# Can't stop strong hive from robbing its splits



## gww (Feb 14, 2015)

General
From reading not experiance I have read that moving the splits a couple of miles away for a couple weeks some times helps. I have also read that leaving the top off of the offending hive give it its own problims and makes it to weak to rob any one else. I have read that covering the hive getting robbed with a wet towel mask the scent. Are you feeding. The only robbing I have personally seen was started with open feeding and feeding in general once it started. I have read the closing like you have done and combining a wet towel for a bit will get the robbers to lose interest. I have not practiced any of these things but am saving things for when I might need them.
Good luck
gww


----------



## Slow Drone (Apr 19, 2014)

Robber screen.


----------



## The General (Apr 22, 2014)

>robber screen

I put one on last night. This morning there is alot of reduced traffic, but still bees trying and succeeding in getting in. very few though. 

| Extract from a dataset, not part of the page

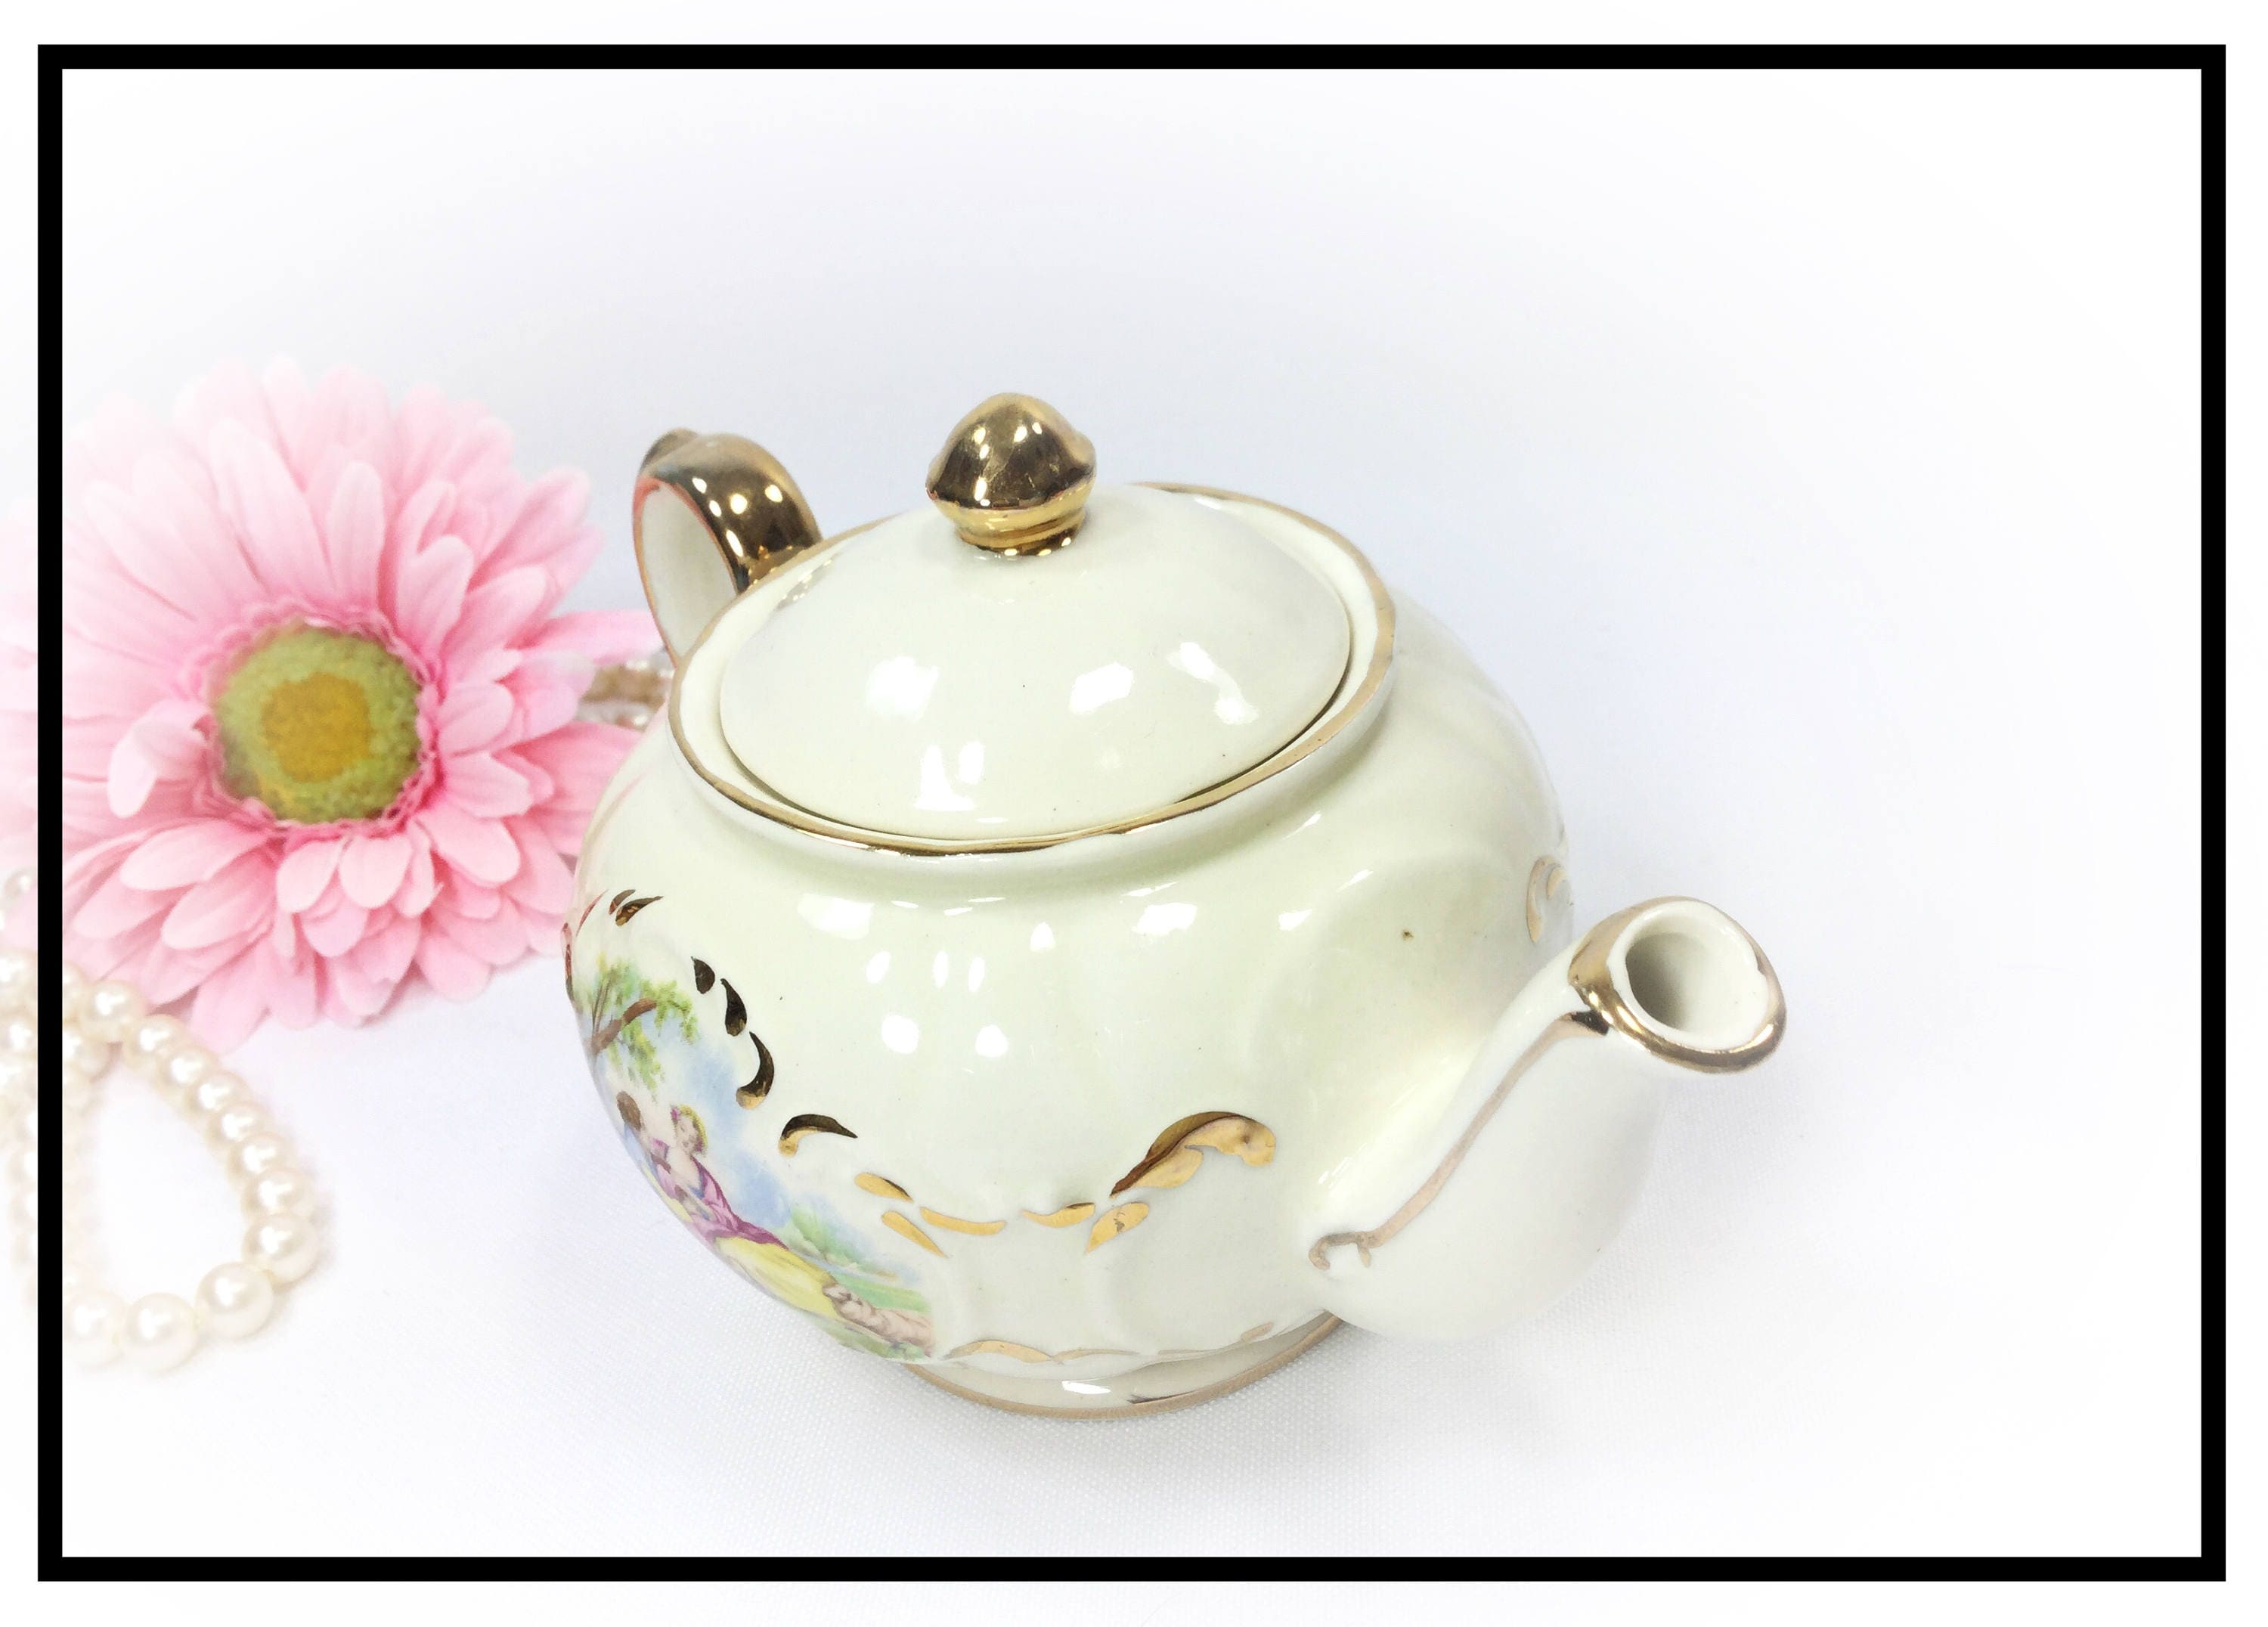 Classic Framing & TrophyLink - The teapot with attitude! Part of our new  giftware range just in time for Mother's Day.

Will this sort itself out when the queen hatches and starts laying or should I expect a slow trickle out of honey from the robbers who are successful in getting in the screen.


----------



## JRG13 (May 11, 2012)

You need to move them, even just a few days will help if you have to bring them back. Problem is, some bees go back to the main hive, then they go on resource recovery and I don't think the split sees it as robbing since they still probably recognize each other. I rarely leave splits in the same yard now cuz of this.


----------



## sakhoney (Apr 3, 2016)

as everybody is saying - move them over 2 miles away and the will do fine - what's going on is all the old guard bees are drifting back to the parent hive and the young bees in the nucs don't know how to guard the hive - when you move them the 2+ miles the old guards stay with the nuc. Also in my nuc boxes is a 3/4 round hole that 3 bees can guard - the rest of the box is tight/no leaks. See what happens when ya listen to us old men.
SAK


----------



## deknow (Jul 17, 2006)

Put the weak nuc where the parent hive is, amd move the parent hive 5 or 10 feet.


----------



## The General (Apr 22, 2014)

I don't have another location 2 or more miles away to drop the nucs at. Any suggestions for keeping them in the same yard and succeeding? 

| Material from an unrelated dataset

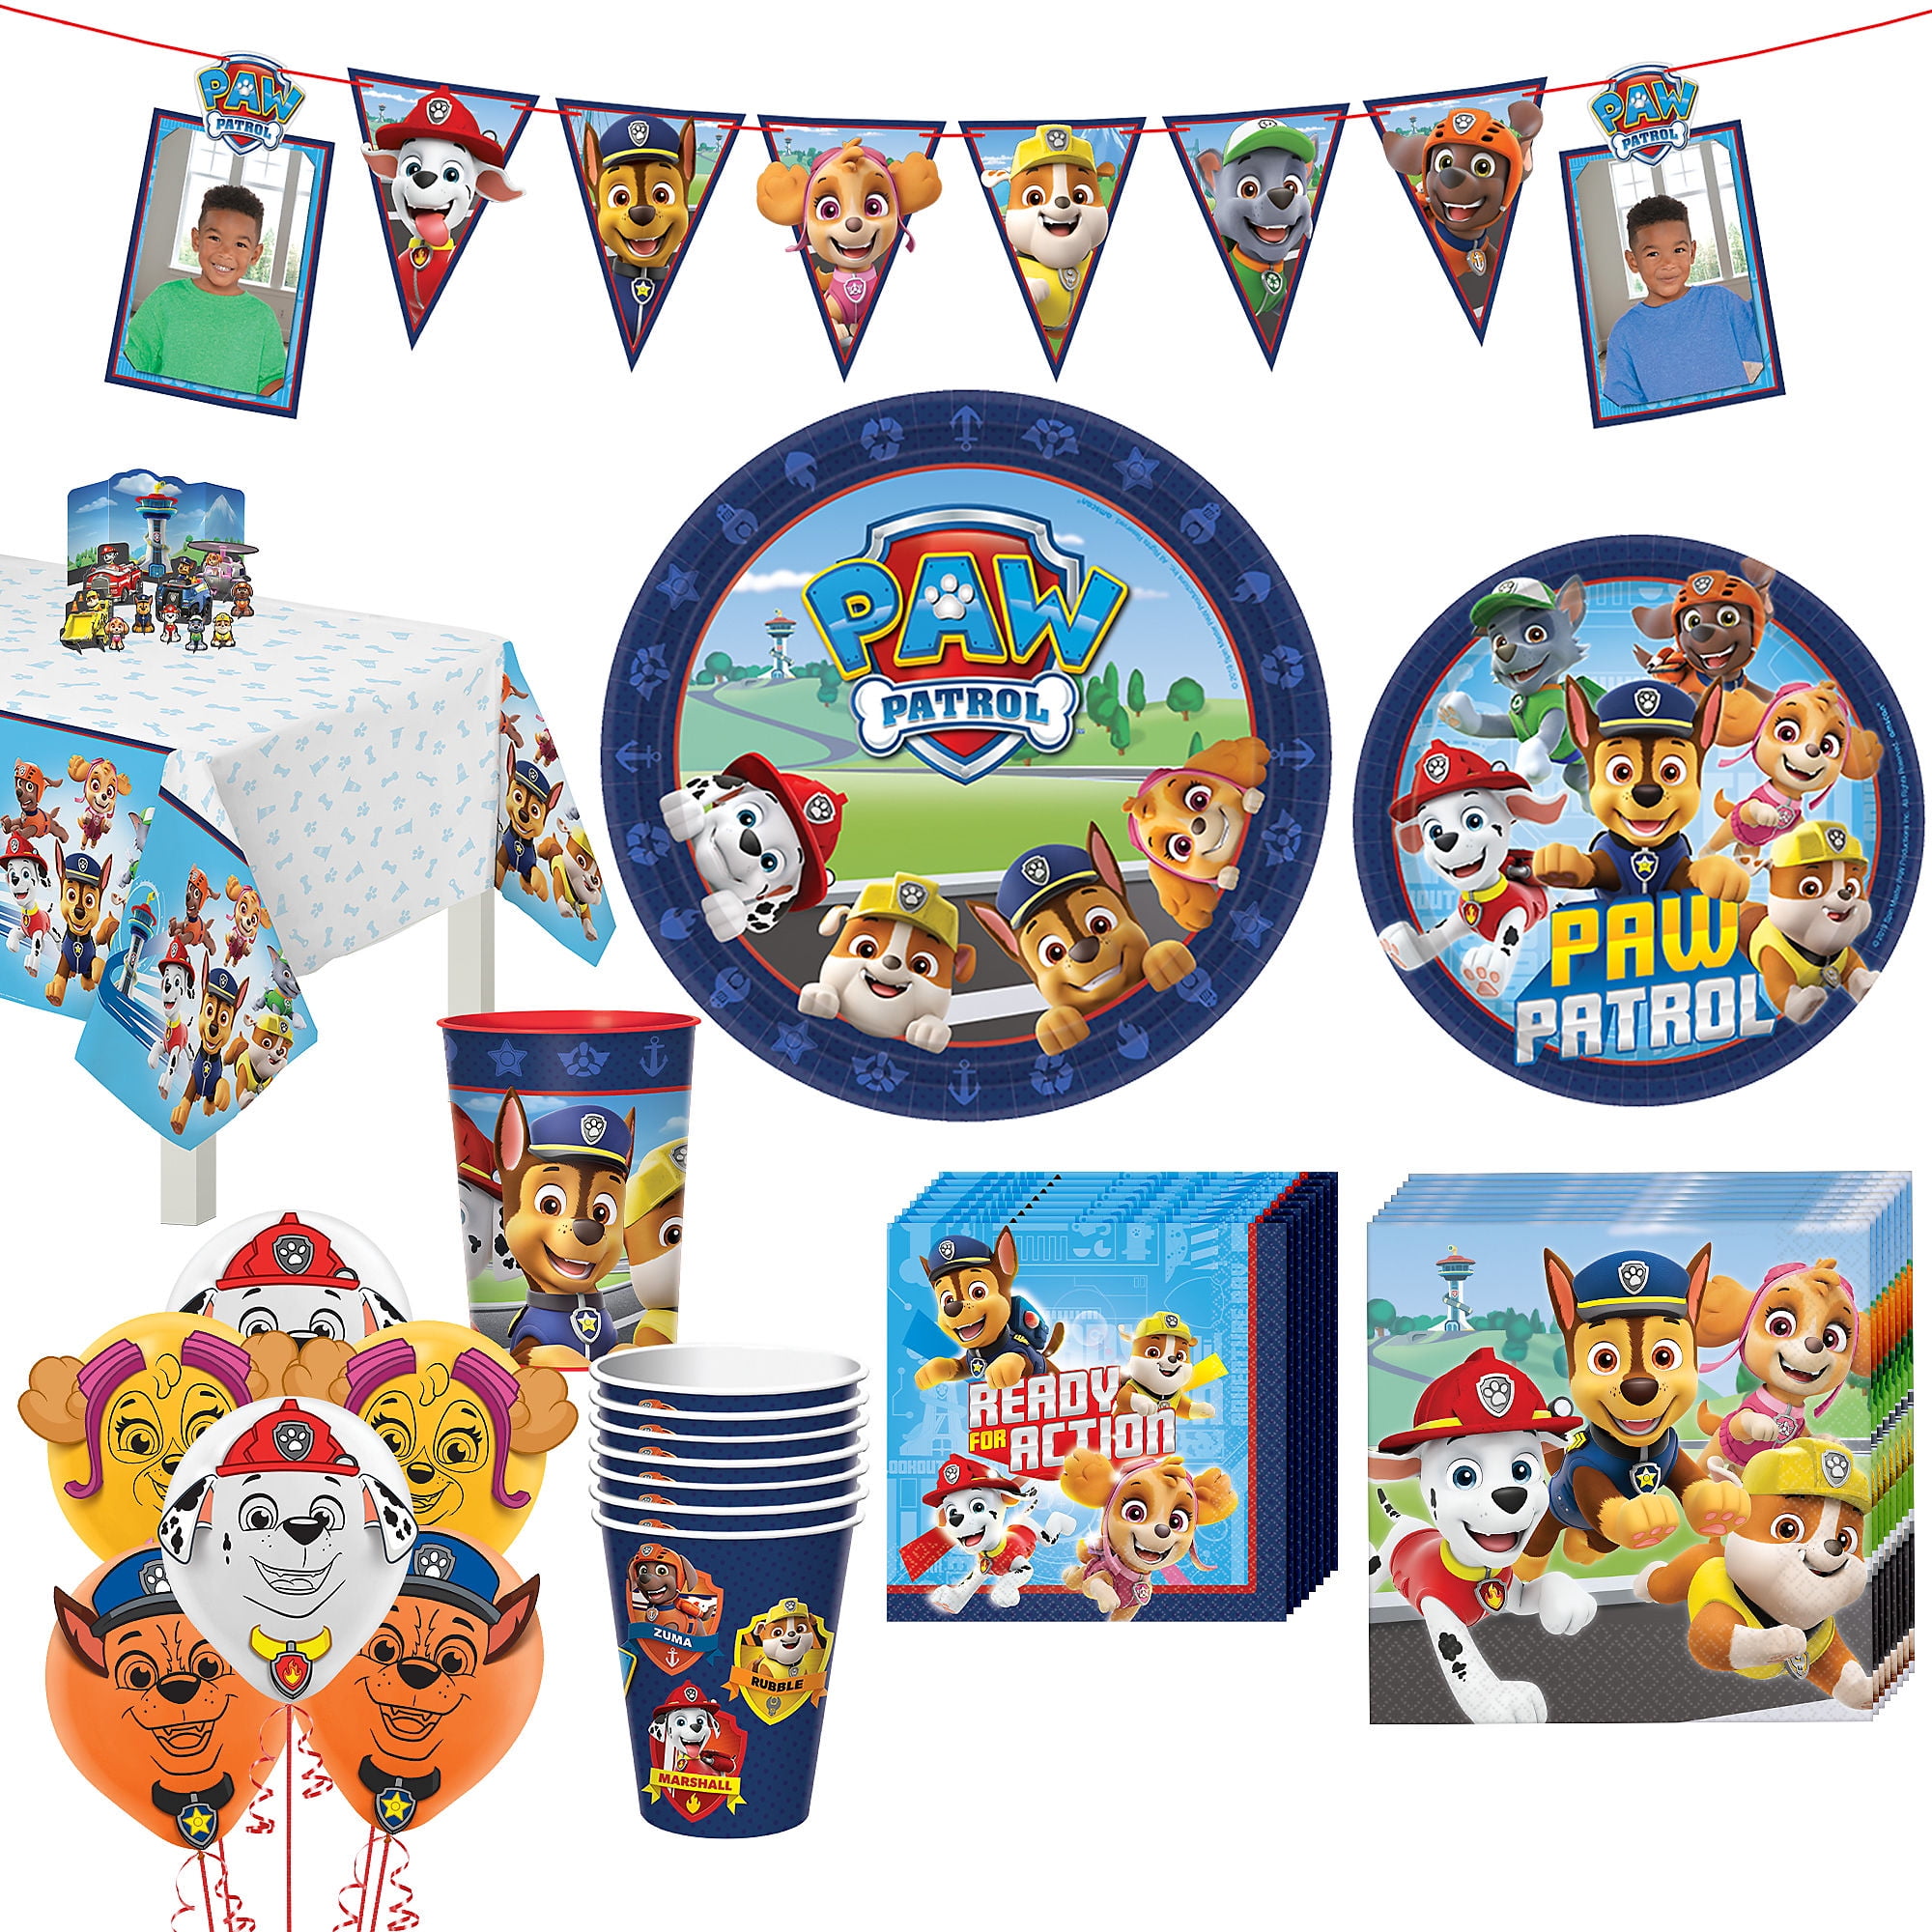 Tattoos Cups Banner Decoration Table Cover Dinner and Cake Plates Napkins Paw Patrol Theme Birthday Party Supplies Set Candles Button Serves 8

@deknow, I split the hive into 2 nucs, could I move them both to the old spot side by side to get foragers then move the parent hive?


----------



## deknow (Jul 17, 2006)

Rebalance them so one is weak....put it at old location.


----------



## rolftonbees (Jul 10, 2014)

Problem is that the splits and the original hive all smell alike. They can go in without being stopped. Until a hive has its own queen this is likely to happen. This is why many folks take the split away.

Something that might help is to fees all parts of the hive after splitting.


----------